An exact copy of all the lines below is required, with every image left out.

(Beginning of Raw data)

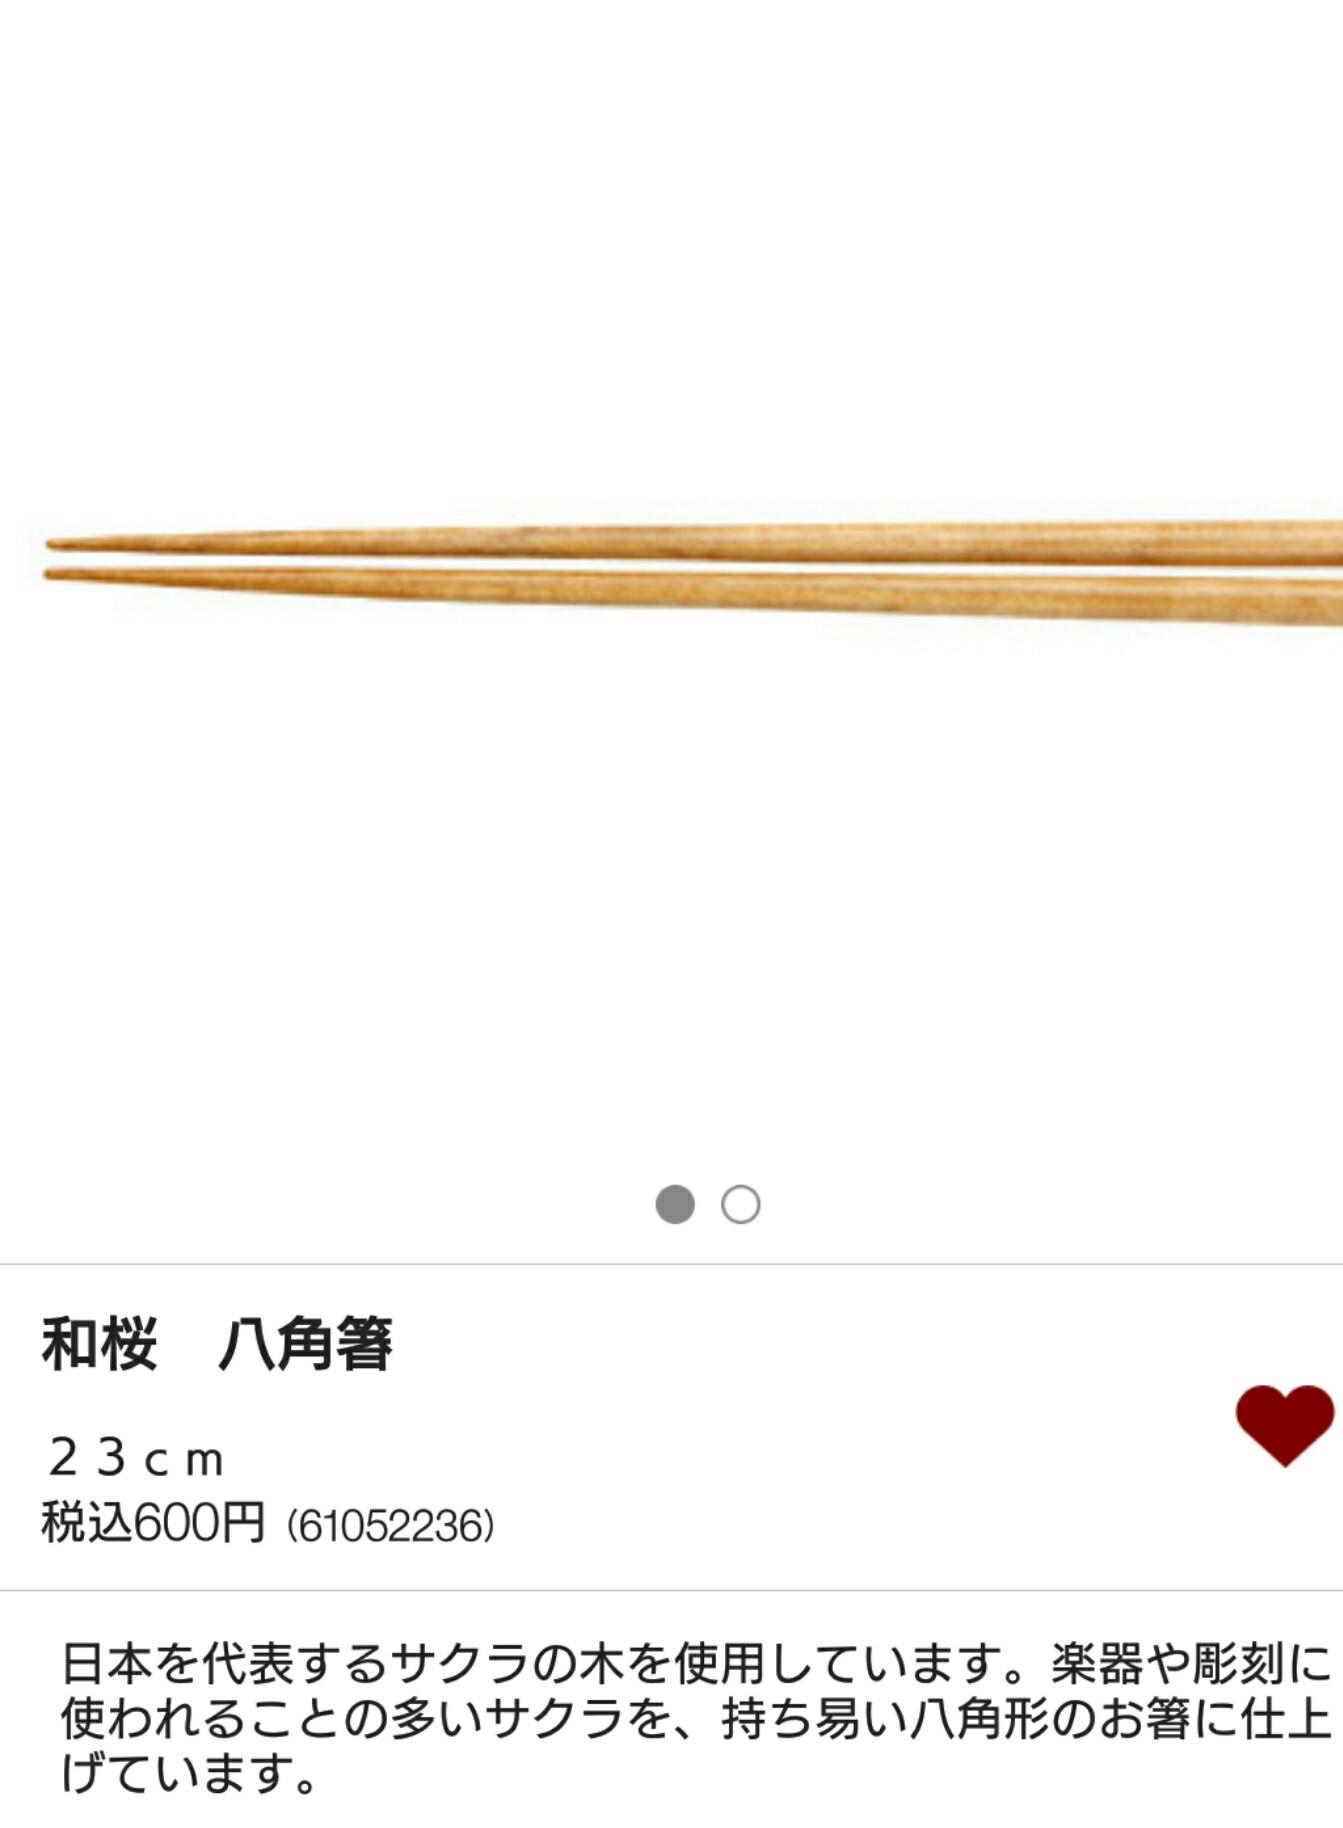 f:id:akisan01:20160130185822j:image
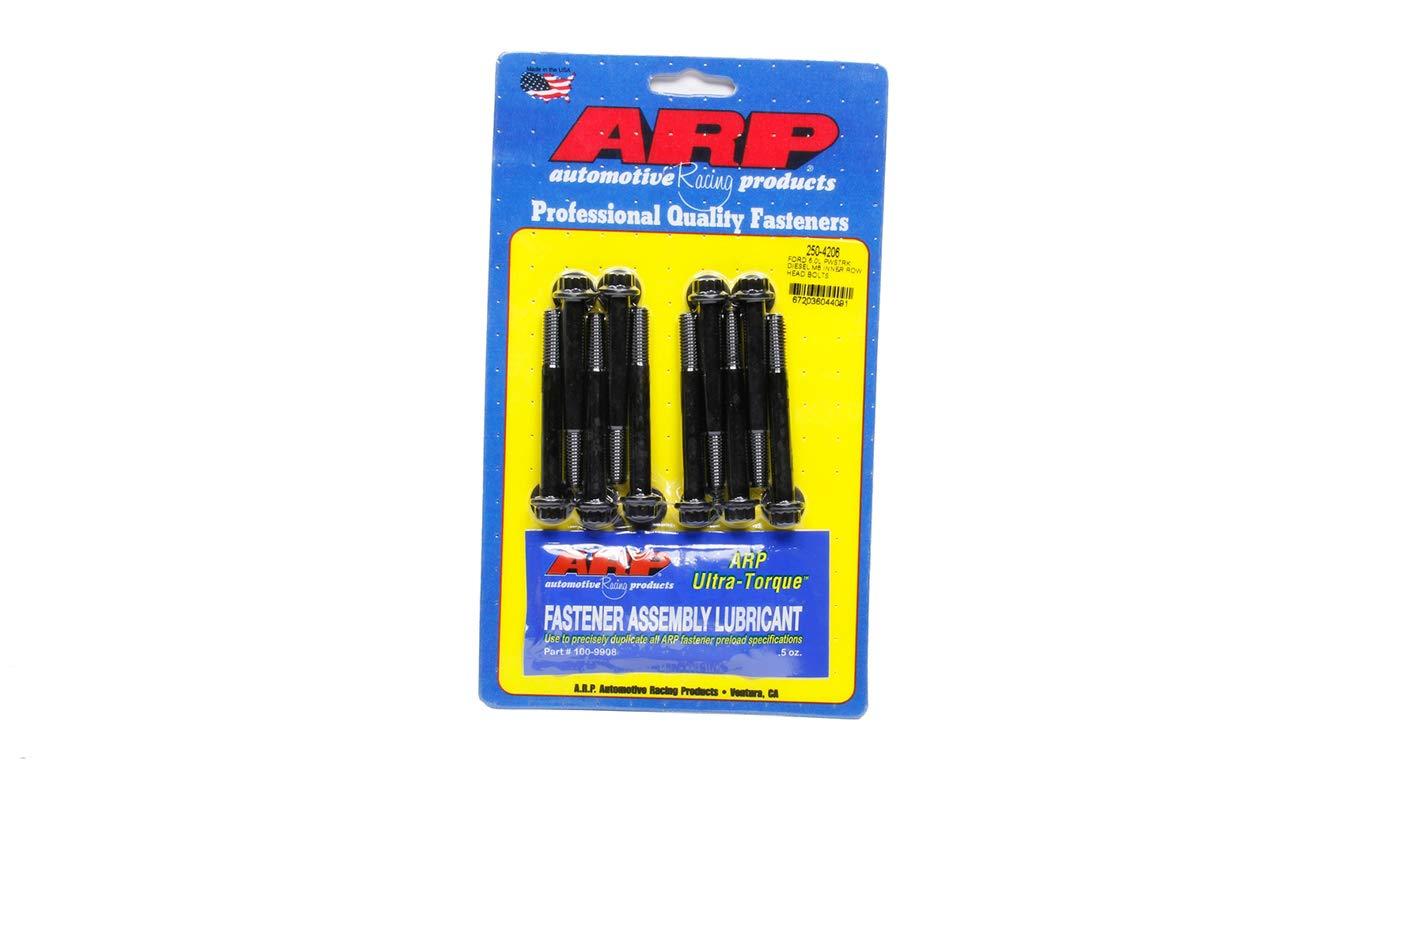 ARP 250-4206 M8 Head Bolt Kit fits Ford 6.0L Powerstroke Diesel
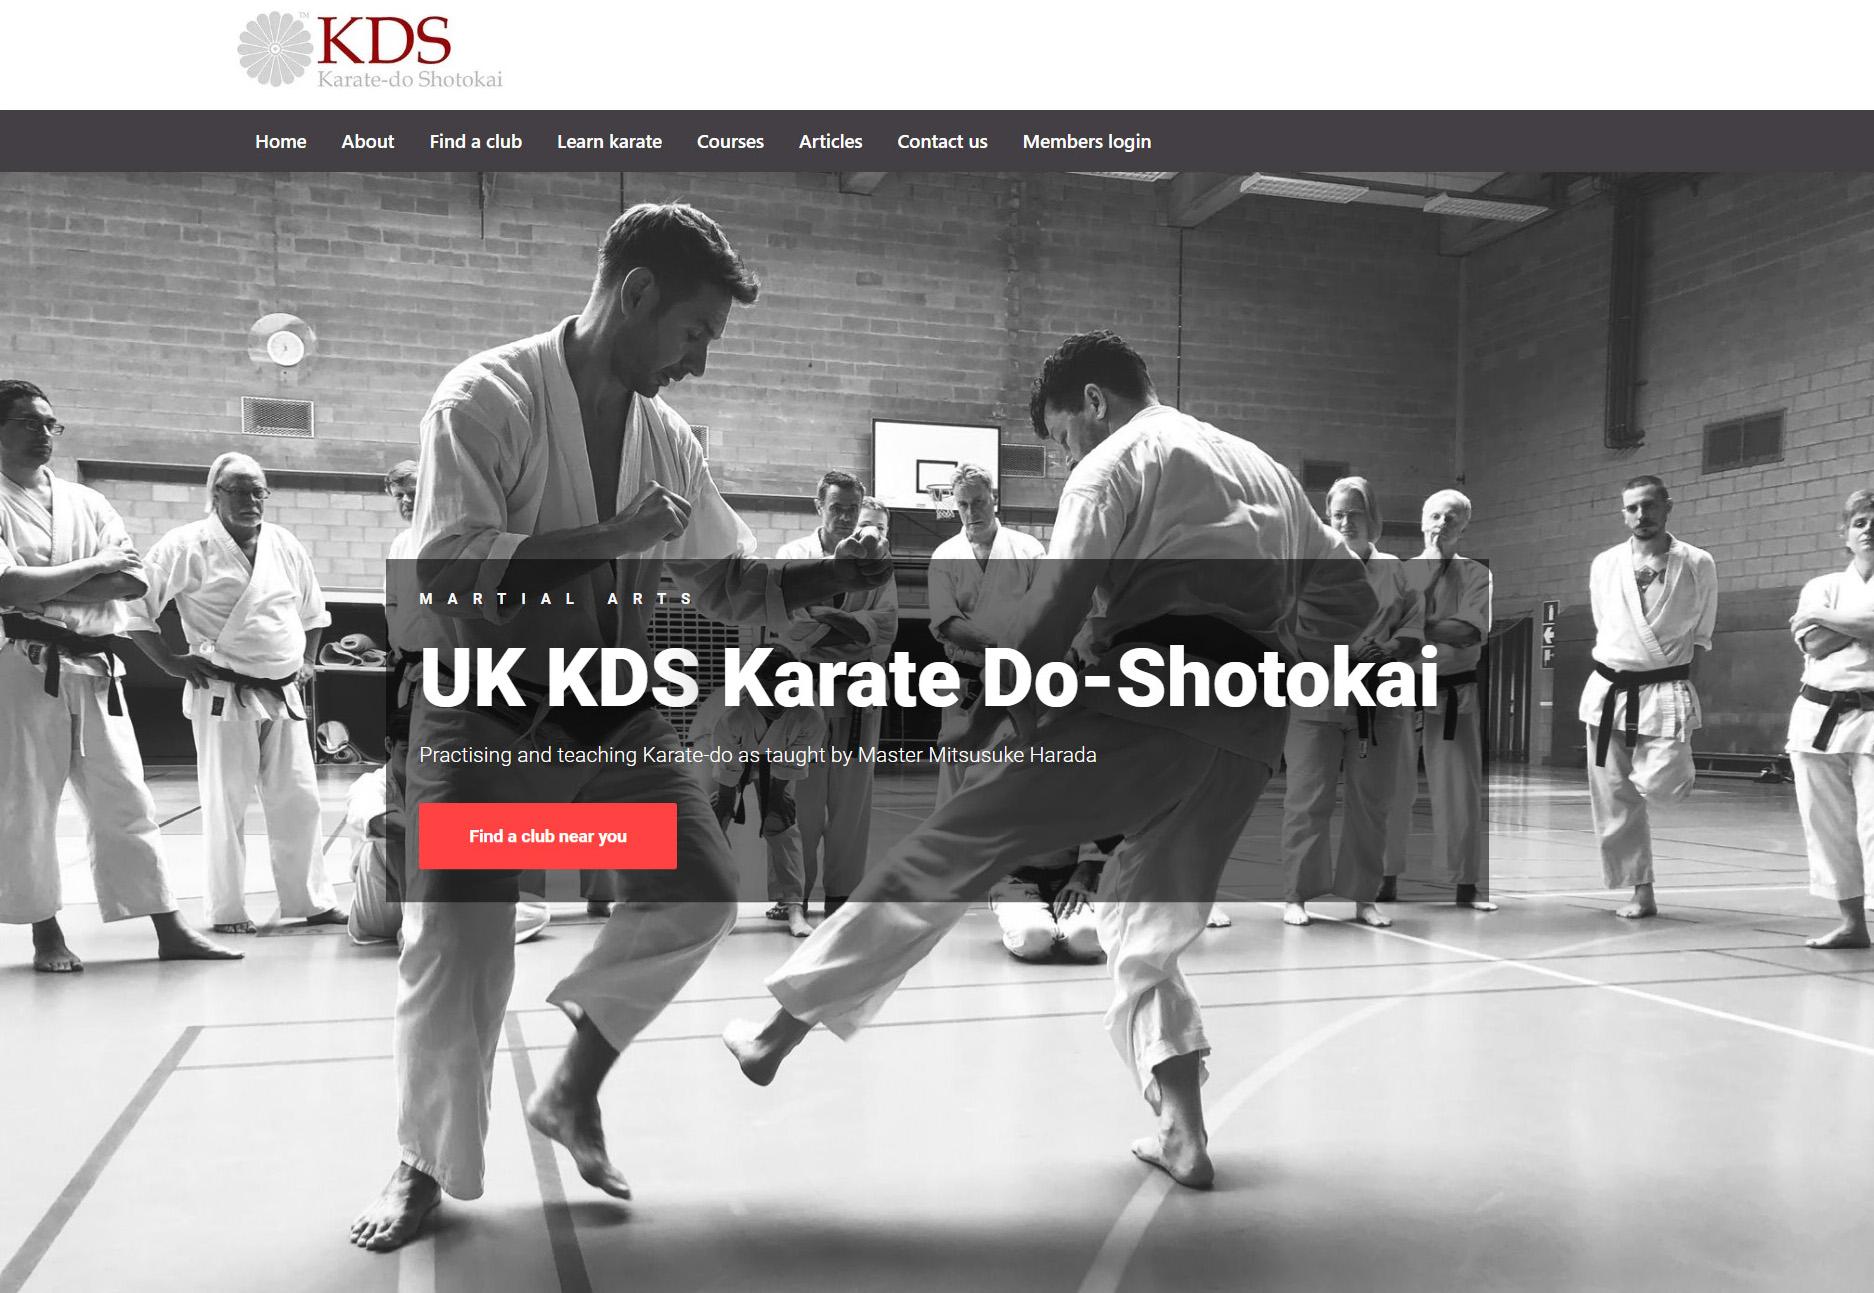 Screenshot of the new website
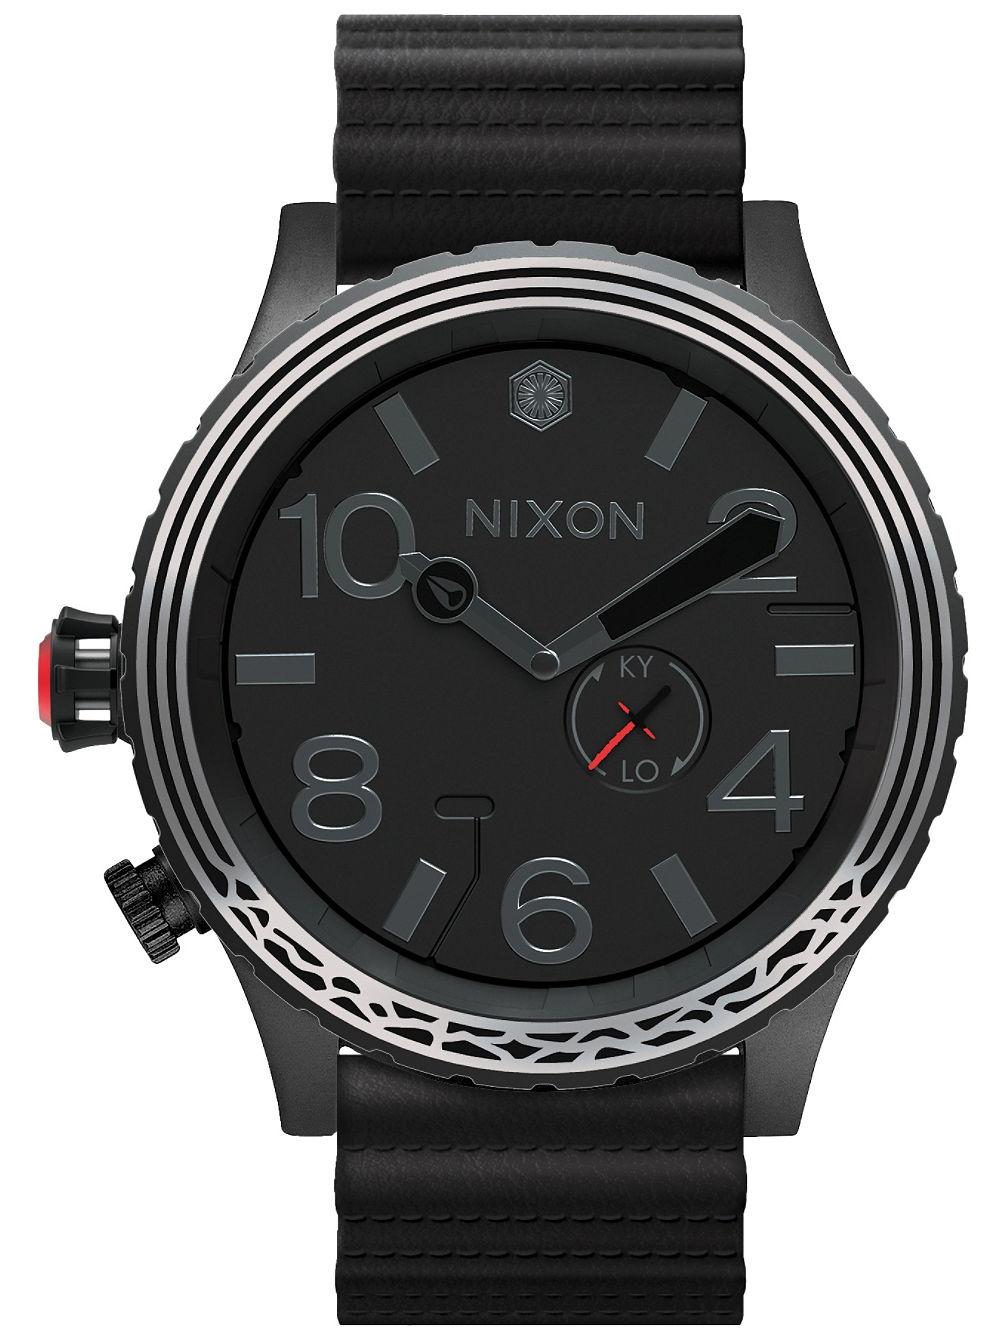 nixon the 51 30 leather star wars uhr online kaufen bei. Black Bedroom Furniture Sets. Home Design Ideas

(End of Raw data)

Solution to this problem:
 f:id:akisan01:20160130185822j:image
 ARP 250-4206 M8 Head Bolt Kit fits Ford 6.0L Powerstroke Diesel
 Screenshot of the new website
 nixon the 51 30 leather star wars uhr online kaufen bei. Black Bedroom Furniture Sets. Home Design Ideas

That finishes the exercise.